An excellently performed piece of music, as a natural operation which reveals in a very high degree the peculiar powers given to man, will ... always glorify God whatever the intention of the performers may be. But that is a kind of glorifying which we share with "the dragons and great deeps," with the "frosts and snows." What is looked for in us, as men, is another kind of glorifying, which depends on intention. How easy or how hard it may be for a whole choir to preserve that intention through all the discussions and decisions, all the corrections and disappointments, all the temptations to pride, rivalry and ambition, which preceded the performance of a great work, I (naturally) do not know. But it is on the intention that all depends. When it succeeds, I think the performers are the most enviable of men: privileged while mortals to honour God like angels and, for a few golden moments, to see spirit and flesh, delight and labour, skill and worship, the natural and the supernatural, all fused into that unity they would have had before the Fall. But I must insist that no degree of excellence in the music, simply as music, can assure us that this paradisal state has been achieved. (p. 98)

From "Historicism"

I give the name Historicism to the belief that men can, by the use of their natural powers, discover an inner meaning in the historical process. ... The mark of the Historicist [as opposed to a historian] is that he tries to get from historical premises conclusions which are more than historical: conclusions metaphysical or theological or (to coin a word) atheo-logical. (p. 100)

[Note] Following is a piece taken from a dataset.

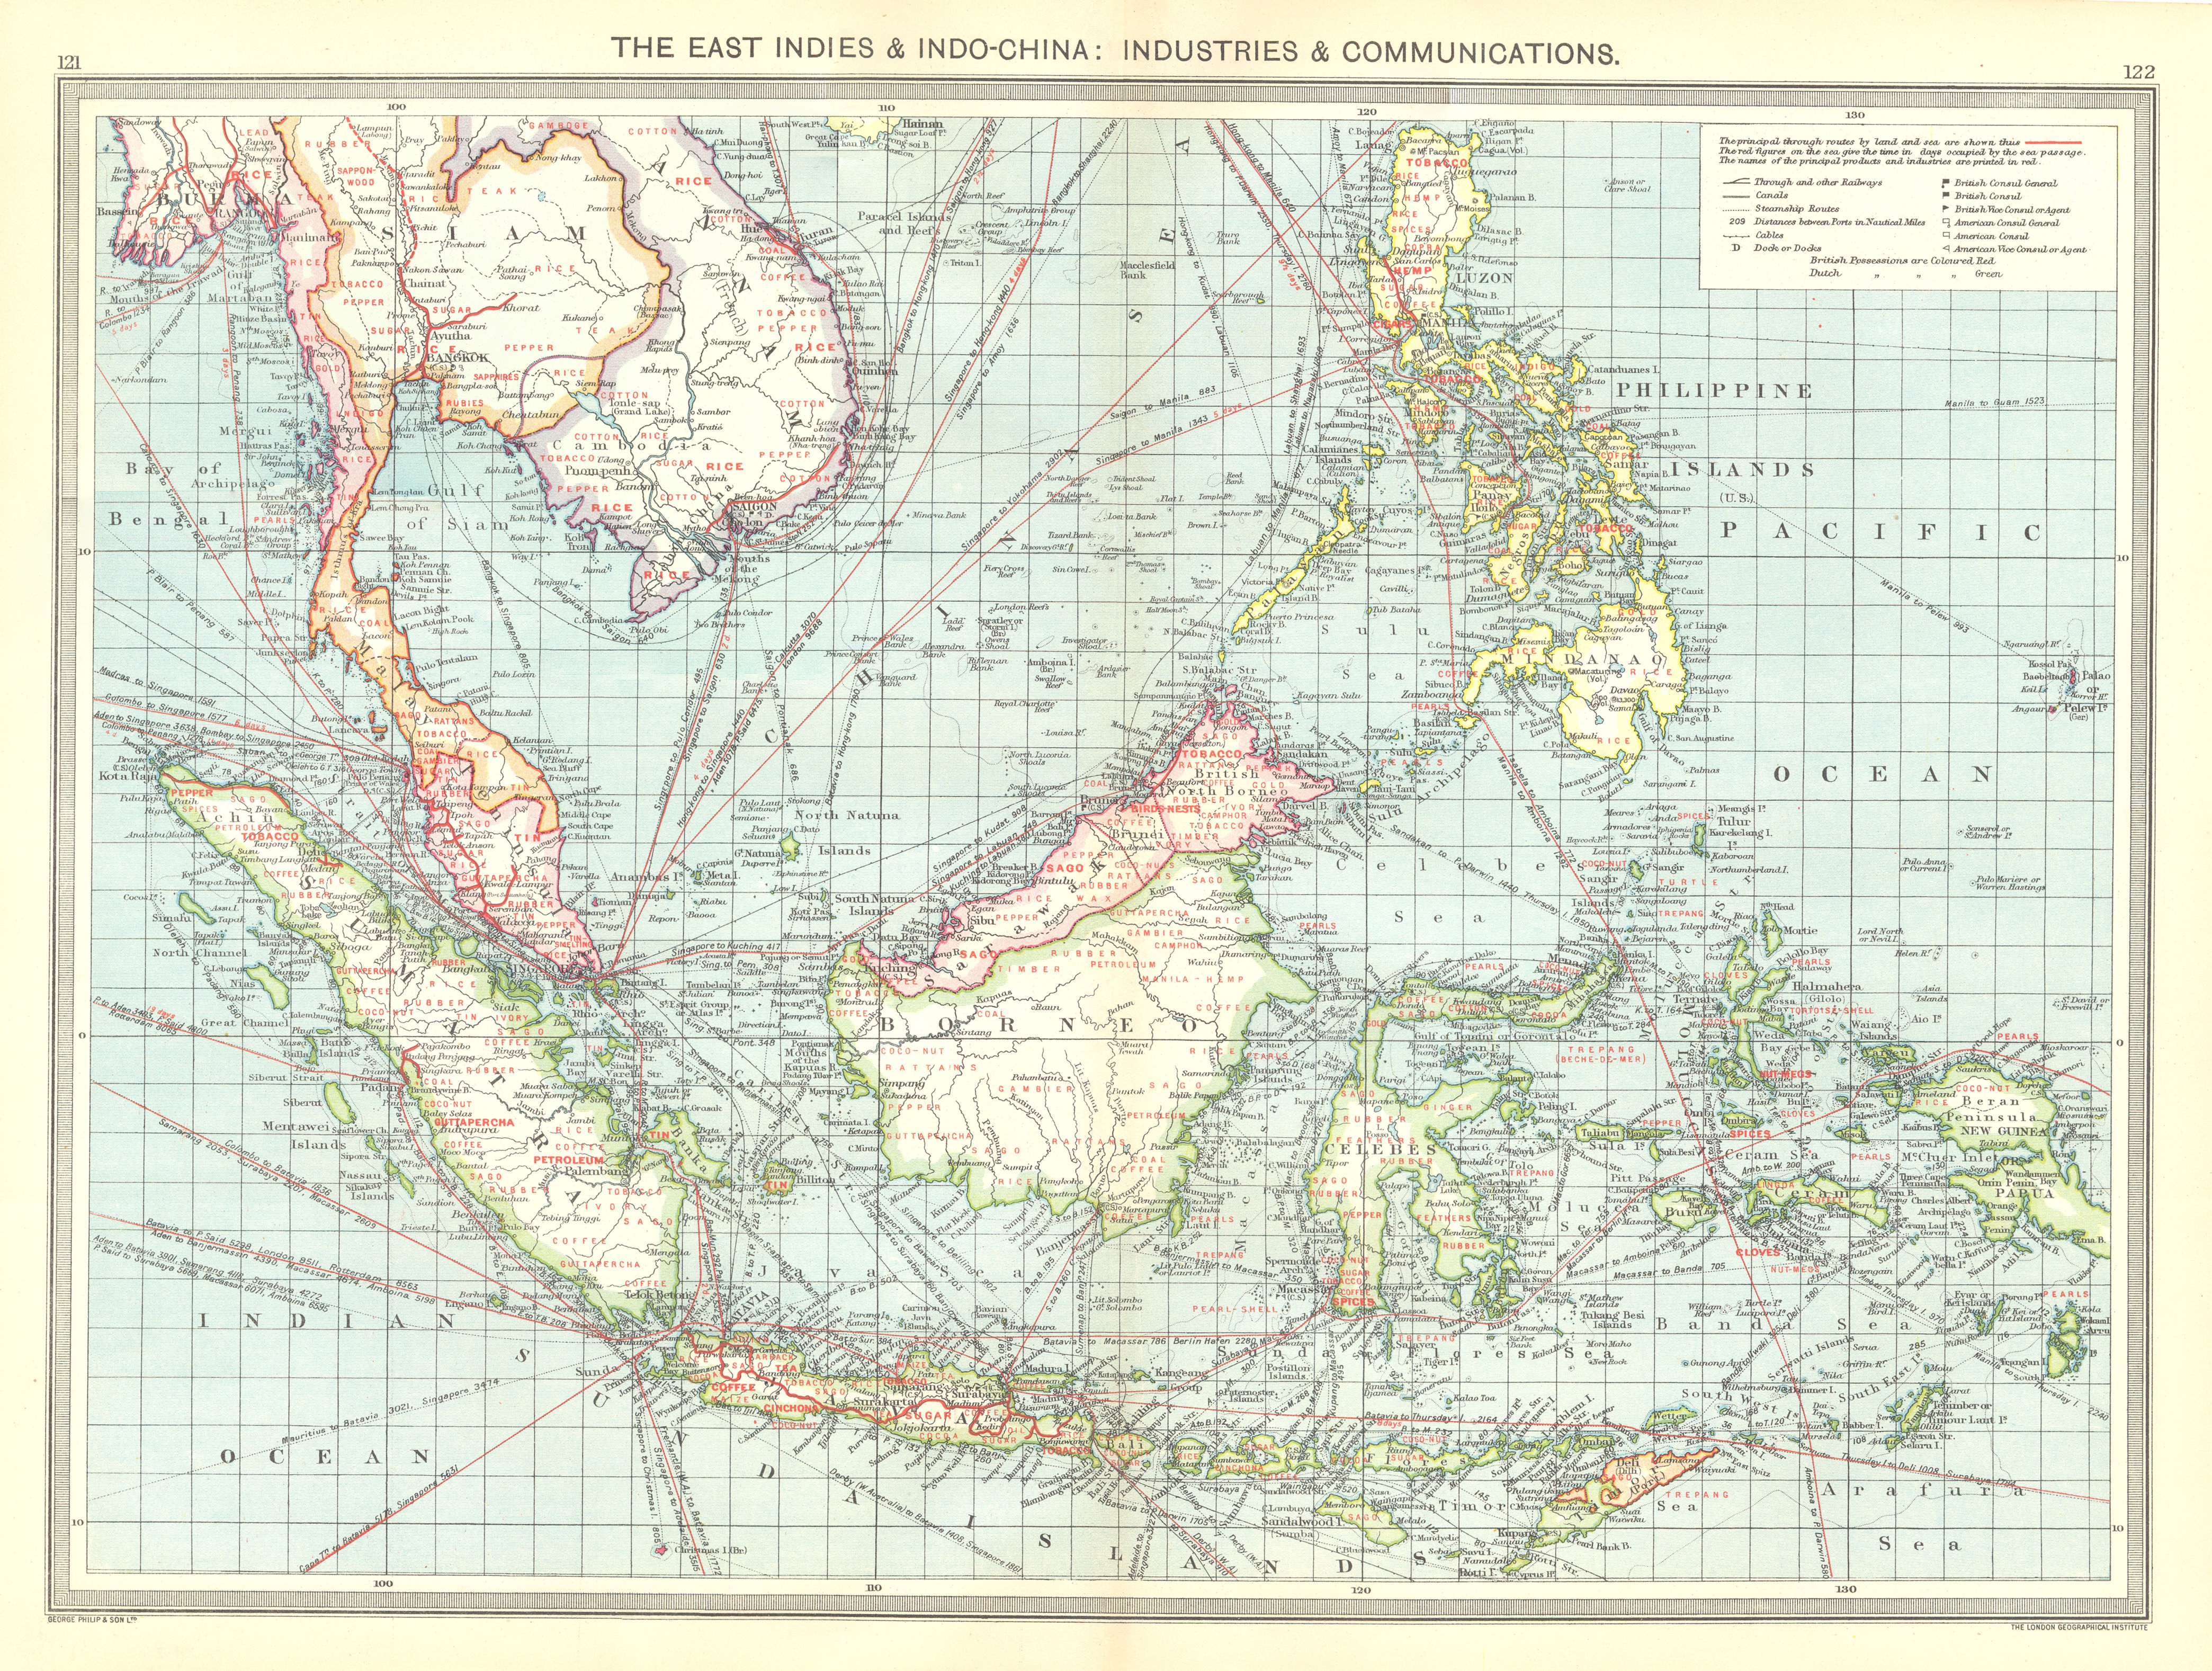 Associate Product ASIA. East Indies & Indo-China. Industries & Communications 1907 old map

Historicism exists on many levels. The lowest form of it is ... the doctrine that our calamities (or more often our neighbours' calamities) are "judgements"; which here means divine condemnations or punishments. This sort of Historicism sometimes endeavours to support itself by the authority of the Old Testament. Some people even talk as if it were the peculiar mark of the Hebrew prophets to interpret history in this way. To that I have two replies. Firstly, the Scriptures come before me as a book claiming divine inspirtaion. I am not prepared to argue with the prophets. But if any man thinks that because God was pleased to reveal certain calamities as "judgements" to certain chosen persons, he is therefore entitled to generalize and read all calamities in the same way, I submit that this is a non sequitur. ... Secondly, we must insist that such an interpretation of history was not the characteristic of ancient Hebrew religion, not the thing which sets it apart and makes it uniquely valuable. On the contrary, this is precisely what it shares with popular Paganism. To attribute calamity to the offended gods and therefore to seek out and punish the offender, is the most natural thing in the world and therefore the world-wide method. ... The distinctive thing, the precious peculiarity, of Scripture is the series of divine rebuffs which this naïve and spontaneous type of Historicism there receives: in the whole course of Jewish history, in the Book of Job, in Isaiah's suffering servant (liii), in Our Lord's answers about the disaster at Siloam (Luke xxiii, 4) and the man born blind (John ix, 13). If this sort of Historicism survives, it survives in spite of Christianity. ... We must guard against the emotional overtones of a phrase like "the judgement of history." It might lure us into the vulgarest of all vulgar errors, that of idolizing as the goddess History what manlier ages belaboured as the strumpet Fortune. That would sink us below the Christian, or even the best Pagan, level. The very Vikings and Stoics knew better. (pp. 101-102)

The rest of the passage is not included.